/DotnetInstrumentation

An ASP.NET Core application and Middleware that captures and logs request data.

Primary LanguageHTMLMIT LicenseMIT

.NET Core Instrumentation Middleware

Build status

A Middleware that collects request info for .NET Core apps and a monitoring app that displays the gathered request data in real-time. The gathering and real time display part is handled by Monitoring App. Here you can find the sample web application that has this custom Middleware registered in it, Middleware itself and some tests for it.

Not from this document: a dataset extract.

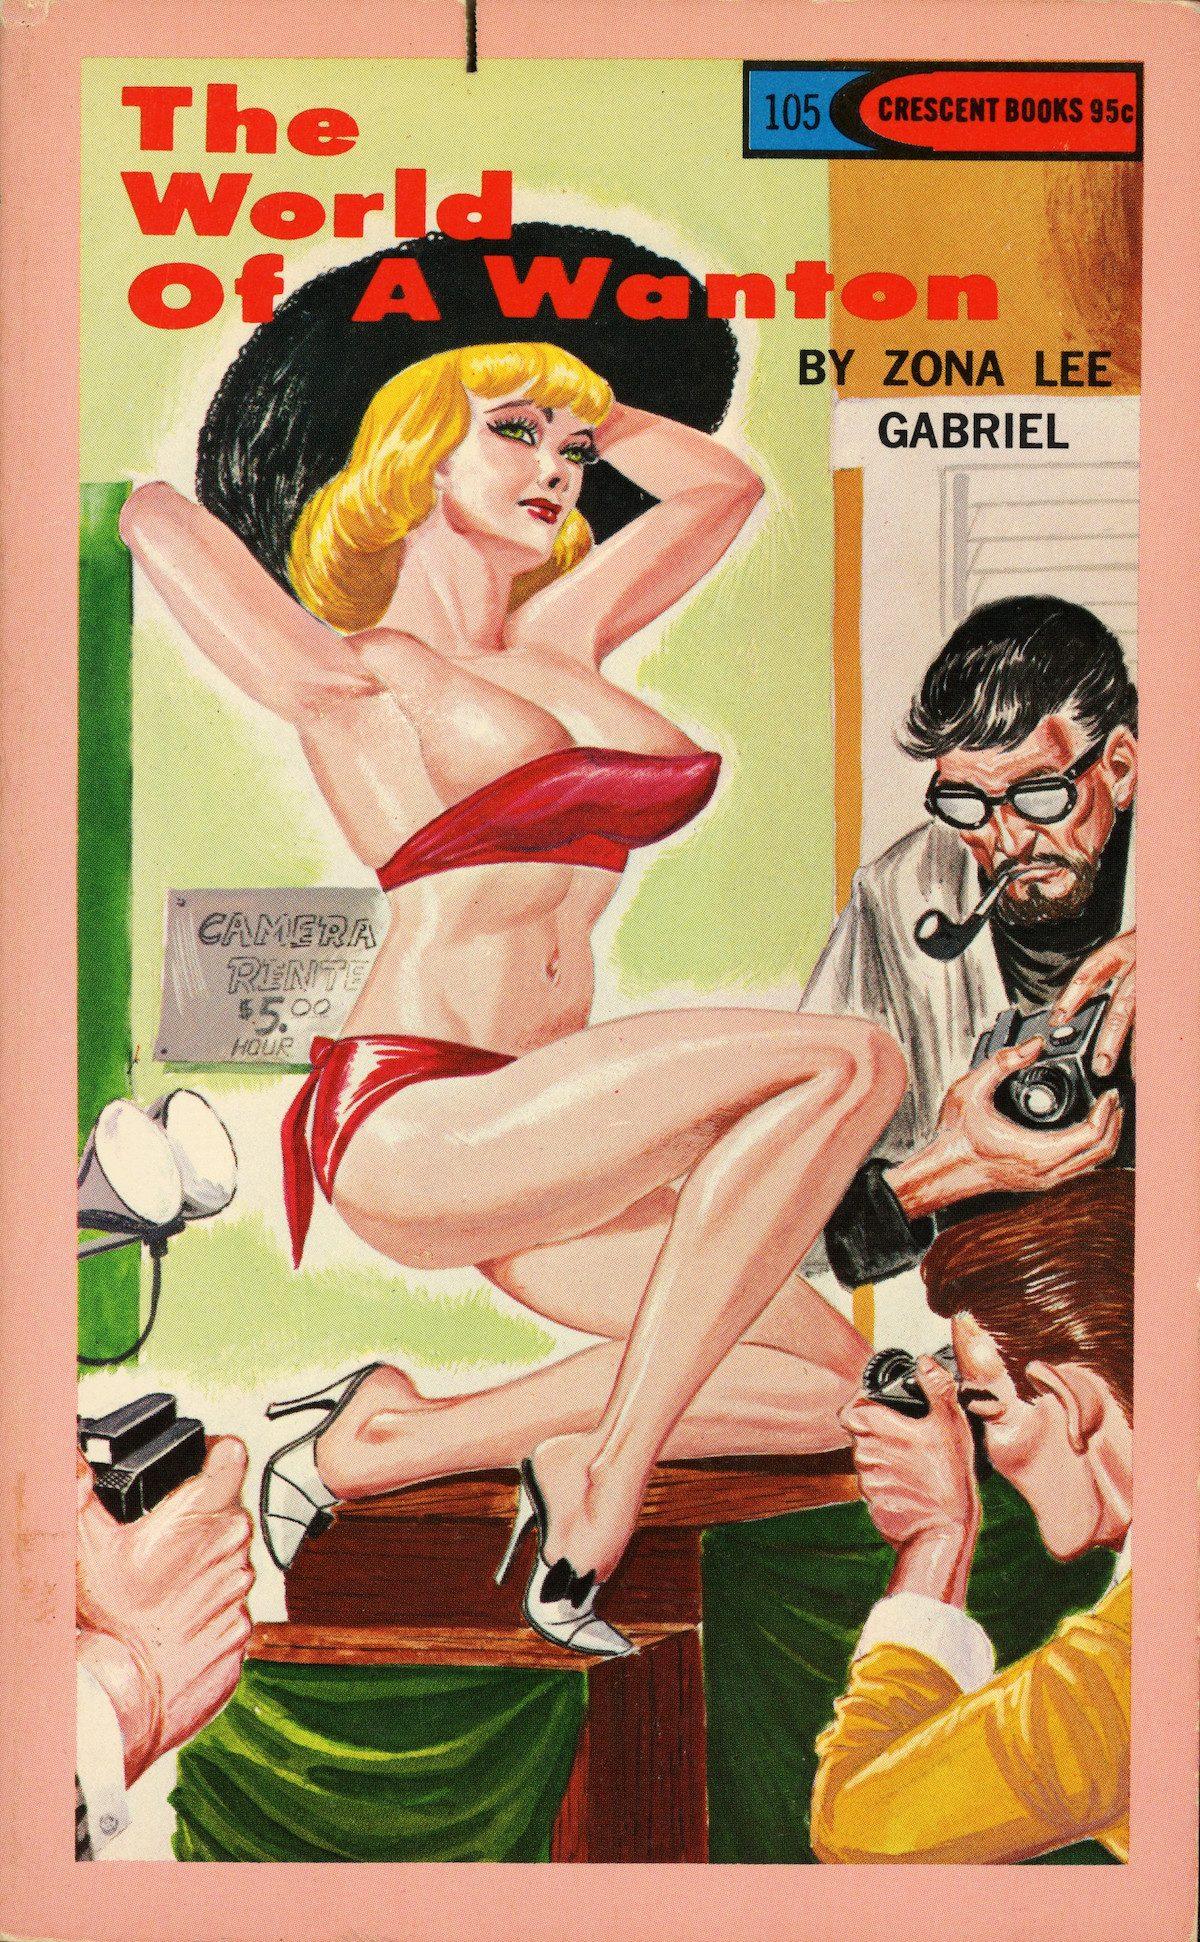 Gene Bilbrew: l'artiste fétiche chantant et ses fabuleuses couvertures sexuelles Pulp Fiction des années 1960

Features of the Middleware

For each web request for the application the Middleware added to, it collects:

  • Request processing time
  • Request body size
  • Execution time
  • Request URL

The Logger component that Middleware utilizes internally, posts the gathered data to a pre-configured endpoint (Monitoring app). As the app is running, it is saving the data into the DB, displaying all the available data, and also displaying some stats: Min, Max and Average response sizes.

Prerequisites

  1. .NET Core
  2. Visual Studio 2015 or higher, or Visual Studio Code with solution explorer extension

Running locally

  1. Clone the repository
  2. Open the containing folder in Visual Studio (Code).
  3. Restore the packages for each project in the solution (you may use dotnet restore or UI in Visual Studio). For convenience, you may look up the commands in appveyor.yml file.
  4. Launch the app locally on IIS Express.

Testing

As the app is running, also spin up the Monitoring app to see the updates there. On the home page of the app, click top navigation links: Home, About, Contact. As you click them, you will see that new entries are appearing in the Monitoring app

Tech Stack

.NET Core, ASP.NET Core MVC

Future improvements

  1. Exception handling and logging.
  2. More integration and unit tests.
  3. Deployment and testing: spin up the apps in containers.
  4. Make the app safe against DDOS attacks, e.g. by implementing another piece of Middleware.
  5. Add support for multiple applications.
  6. Add handling of cases with failing requests (log the required data, e.g. status code, errors, and separate reporting view and stats for these)
  7. Test on linux and add notes as needed.

The rest of ideas can be found in the [Monitoring app] readme.

Additional Concerns

Concurrency: the Middleware should be safe as it doesn't have shared mutable state in it. The Monitoring app uses sockets, and data gets queued up safely. High load may be a concern because of connection limits though. Encoding: the responses in Middleware are UTF8-ed, so should be fine.